Why 315 businessmen? Why not 100, or 50, or — heaven forbid — let the private sector handle its own networking without taxpayer subsidies? This bloated caravan reeks of the old PT playbook: reward allies in the business world with perks while preaching socialism to the masses. The same government that lectures about inequality is now using public resources to shuttle corporate bigwigs across the globe, ensuring they get prime access to foreign leaders and markets — access the average Brazilian entrepreneur could never dream of affording.
Reports confirm that **agribusiness dominates the delegation**, with nearly 25% (around 77 participants) tied to the sector — companies pushing hard for market openings in protected Asian markets for meat, grains, soy, and other products. Other sectors include mining (critical minerals and rare earths), pharmaceuticals, technology, health, aviation (with Embraer eyeing deals), cosmetics, and more. Specific company names aren’t fully public in every detail, but the list of 315 confirmed participants (obtained and reported by outlets like Poder360) highlights heavy representation from agro giants and related firms, alongside players in tech, mining, and pharma eager for subsidized matchmaking sessions.

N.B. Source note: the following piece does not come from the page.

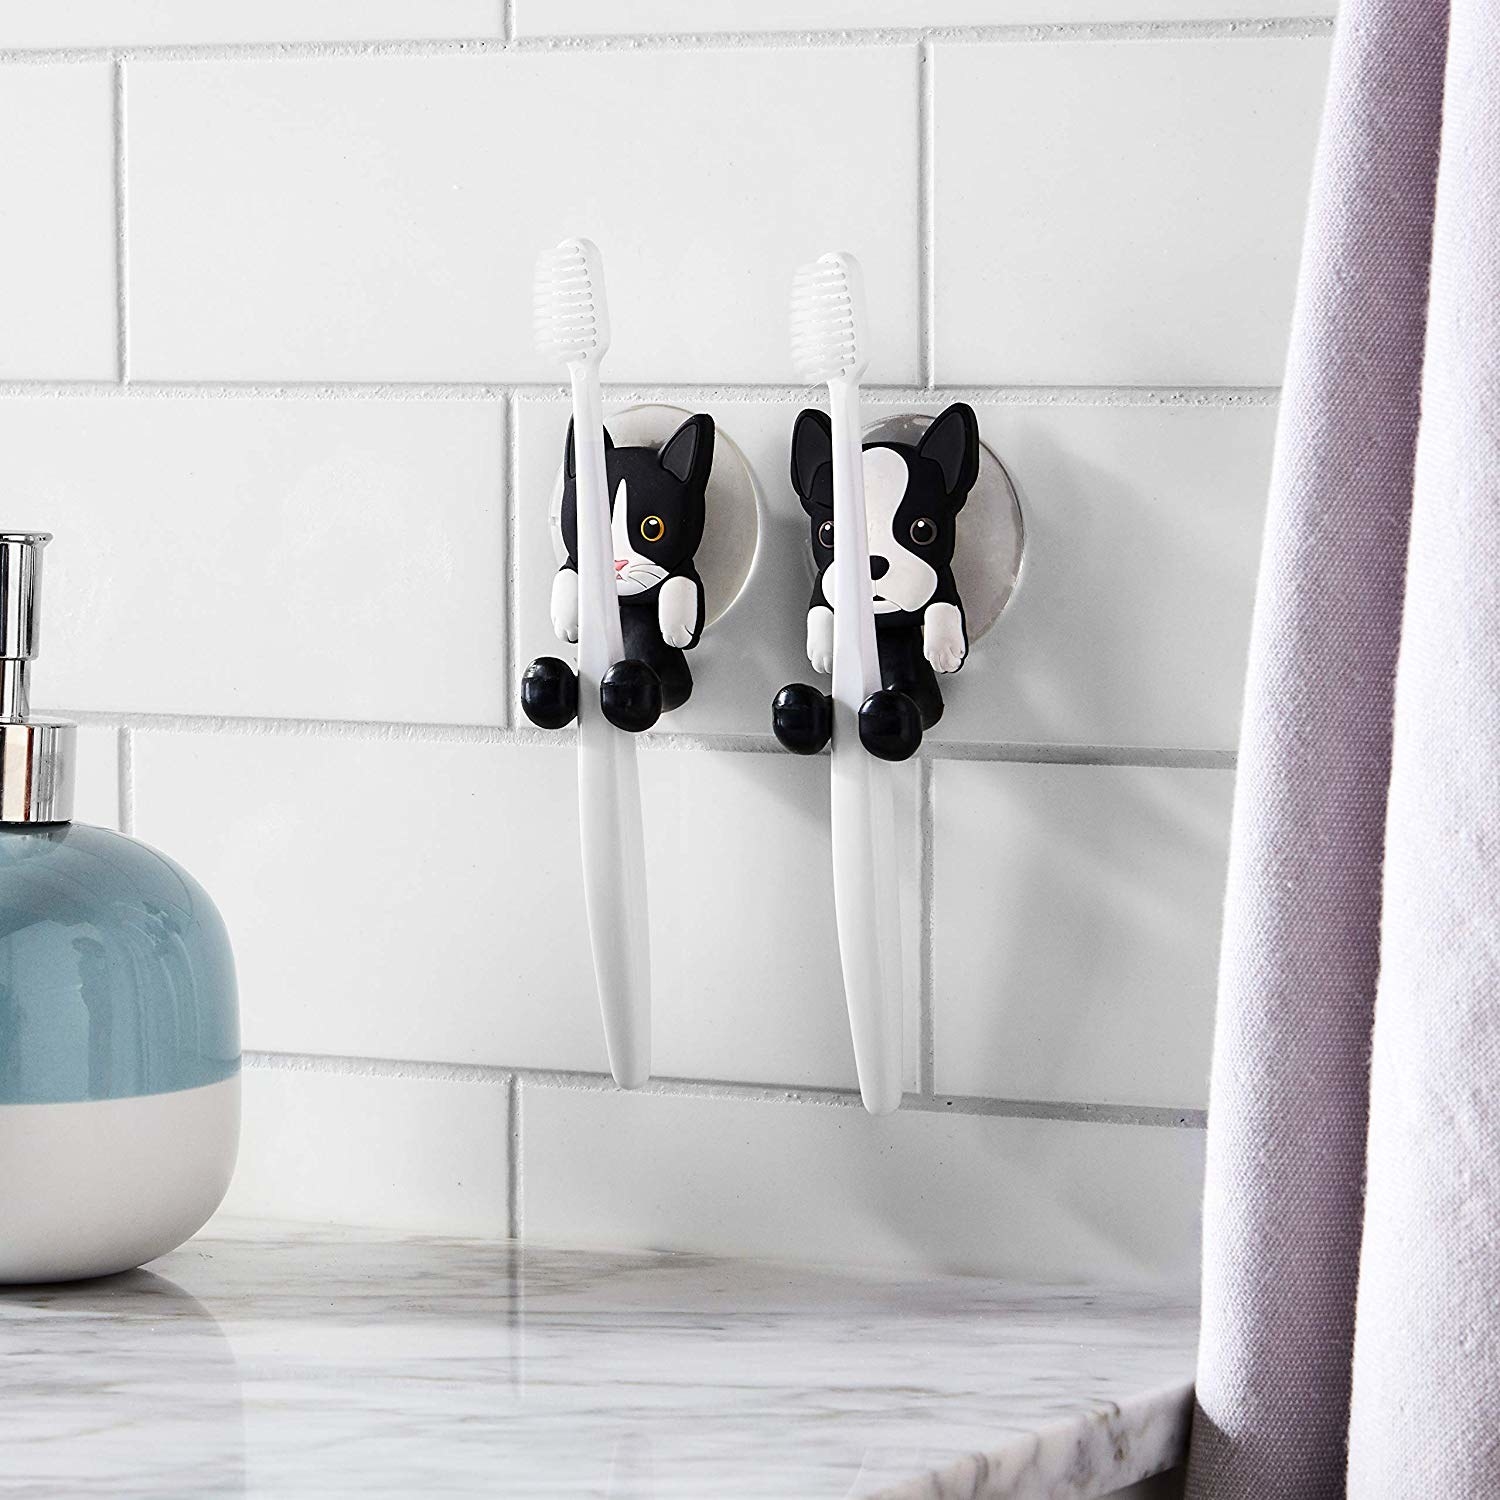 The two toothbrush holders attached to a tile wall

These executives get subsidized networking, security, logistics, and the prestige of traveling with the president—advantages small/medium Brazilian firms rarely enjoy. Critics call it crony capitalism: public money subsidizing private profits for a select elite, many with historical ties to PT governments.
And the cost? Astronomical. Previous international jaunts under this administration have burned through tens of millions in airfare alone (not counting hotels, per diems, protocol expenses, and the massive security apparatus required for such a large group). With fuel prices still punishing and public services crumbling, every real spent on this vanity project is a real stolen from health, education, and infrastructure — the very areas Lula claims to champion.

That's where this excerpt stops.